В 1810–1820-х гг. аристократический синдром «безутешного индивидуализма», носителем которого был объявлен шатобриановский Рене, соприкоснувшись с байронизмом и чаттертонизмом, оформляется в социокультурную позицию, значительно повлиявшую на мировоззрение образованной светской молодежи, часто вовсе не аристократического происхождения. Парижский денди, с одной стороны, принимает новое умонастроение, с другой – испытывает, подобно байроновскому Чайльд Гарольду, равнодушие к своему окружению. Дендизм, как отказ от цивилизации, отрешенное отношение к жизни, приобретает новые черты, не меняя локализацию: молодой человек остается в своем кругу, но отделяет себя от него, надев маску презрения и снобизма. Негодование денди против новых порядков перерастает в надменное, подчас напускное позерство.

Во французской литературе этой поры образ томящегося в бездействии молодого аристократа почти всегда несет на себе отпечаток скептицизма и налет  фрондерства. При этом парижский франт – скучающий завсегдатай салонов, наследник либертинов, отрицает не только революционную жертвенность и бунтарство, но и всякое политическое действие. Он с презрением относится как к «свету», с которым не может порвать, потому что кровно с ним связан, так и к малообразованному буржуазному сообществу, высокомерно взиравшему на обедневших дворян и культурных отщепенцев. Психологически точно настроение этой недовольной части общества передал Бенжамен Констан в романе «Адольф», опубликованном в 1816 году и обретшем в Европе необычайную популярность. Герой романа бездеятелен и пресыщен жизнью, находится в оппозиции к светской толпе, но негодует не столько против нее, сколько против самого себя, своей фальши и безучастности. Адольф – типичный представитель эгоцентрического дендизма байронического типа.

Подъем байронизма во Франции пришелся на 1824 год, но байронизм сохранил свое влияние на французскую литературу вплоть до 1838 года [8, 5]. Для представителей французской культуры и литературы Байрон, посеявший среди молодых современников моду на сплин (хандру), был не только идеалом поэта и борца, но и образцом денди аристократического типа.
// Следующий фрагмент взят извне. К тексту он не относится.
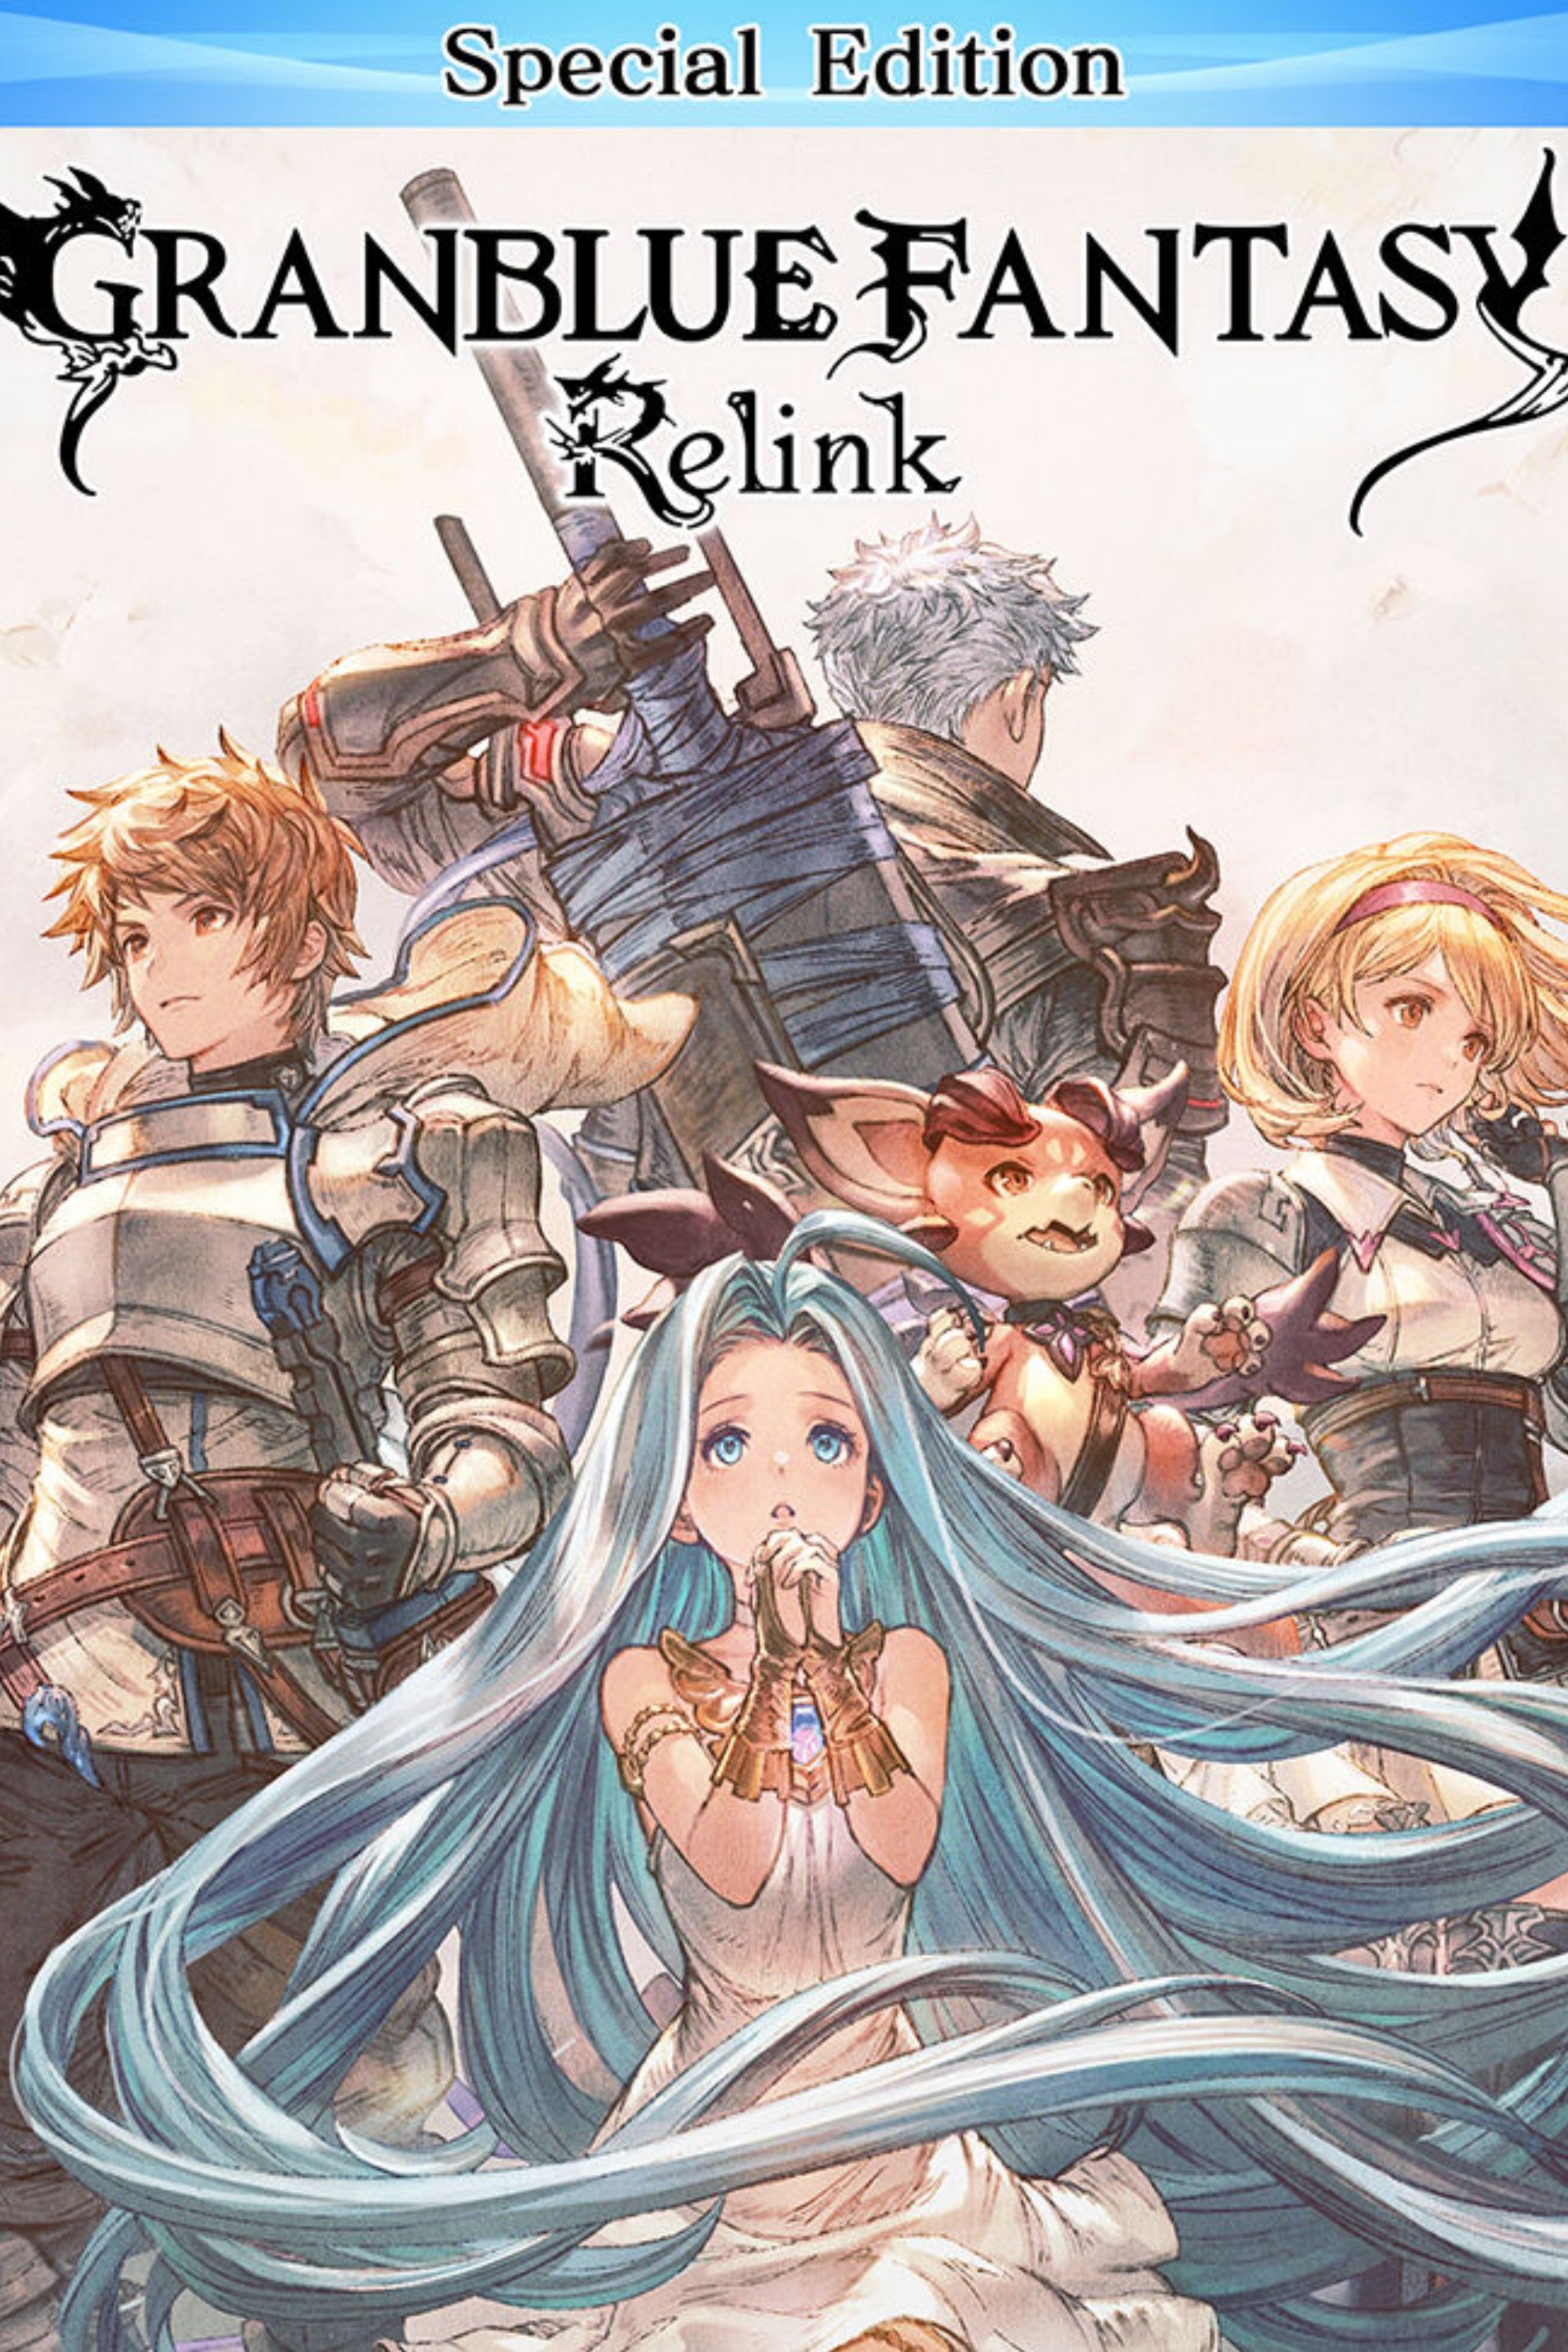 GRANBLUE FANTASY: Relink Release Date Finally Set! Pre-Orders Start!
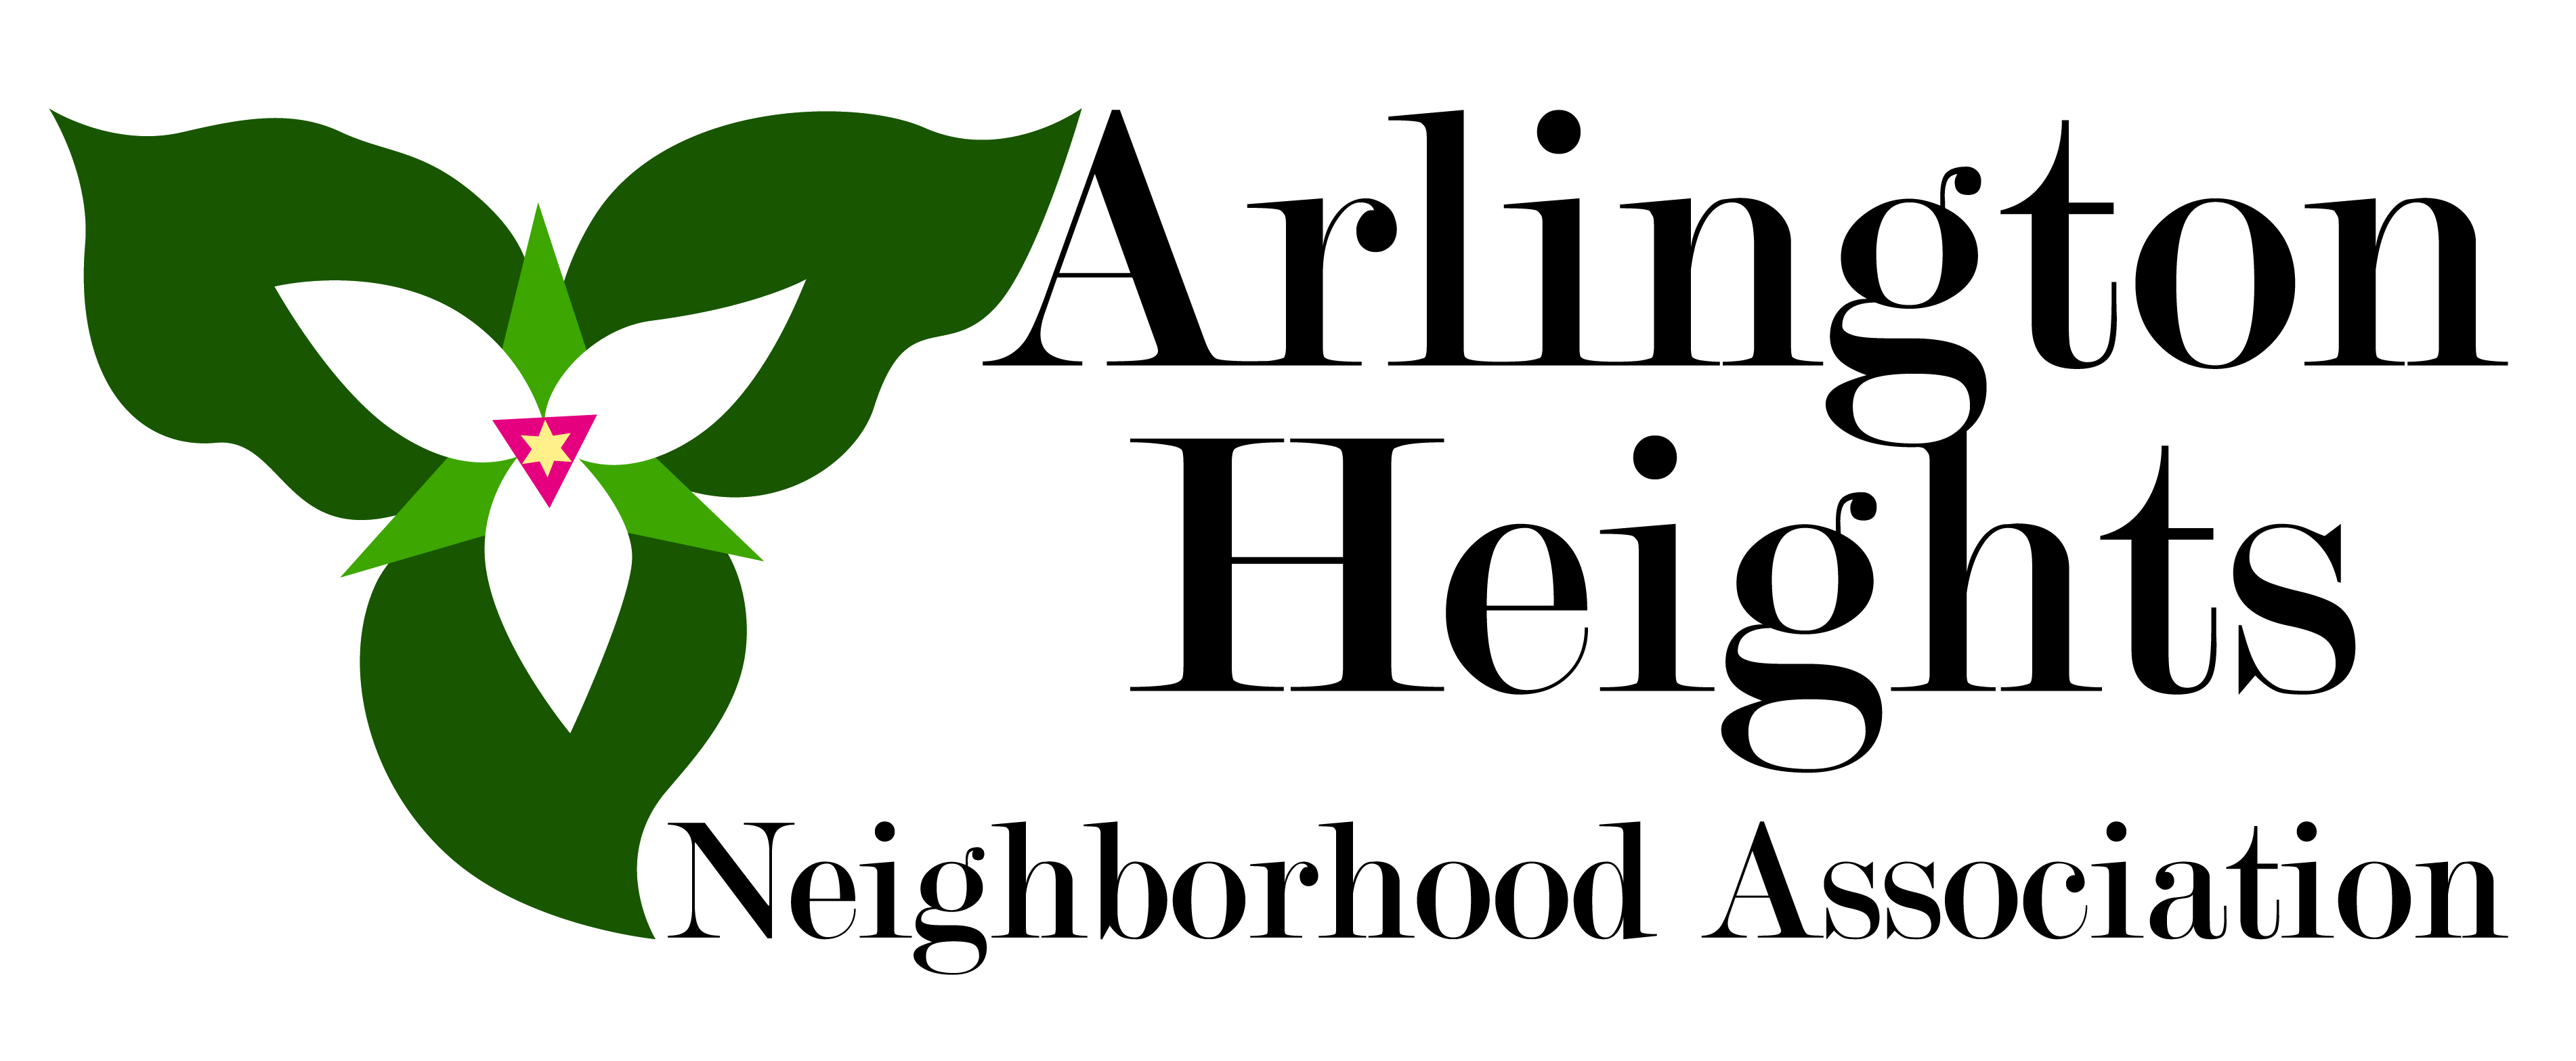 NA Photo Arlington Heights Neighborhood Association

При этом репутация Байрона во Франции не была однородной: английского поэта воспринимали то как романтического бунтаря, то как поэта, склонного к преувеличениям и позерству (l’outrance de la pose), то как либерального аристократа, гениально демонстрировавшего свою особенность и умение преподносить себя. С одной стороны, французы упрекали Байрона в крайностях, в гипертрофированной «болезни романтической души», в излишней демонизации (satanisme) человека, противостоящего Богу, зацикленного на идеях обреченности и фатальности поступков, с другой – видели в нем провозвестника «литературы измененного сознания» [8, 5]. Некогда Э. Эстев, на которого и сегодня ссылаются современные литературоведы, отметил, что наибольшее влияние на французских писателей (среди которых были А. де Ламартин, А. де Мюссе, Ж. Санд, А. Дюма-отец и особенно А. де Виньи) до 1830 года имели разочарованный Чайльд Гарольд и мрачный Манфред, а после 1830 г. – байроновский Дон Жуан [10; 8, 5]. Историк литературы Франц Шиллер, поставив рядом поэтов Виньи и Мюссе, по значимости для потомства, отметил их как самых ярких представителей дендизма байронического типа во Франции, сохранивших верность классицизму и аристократическому вкусу [11, 284]. Виньи, писал Ф. Шиллер, «наиболее гениально» выразил «настроение лишнего человека – аристократа, который никак не может приспособиться к новой жизни, построенной на буржуазных началах» [11, 287].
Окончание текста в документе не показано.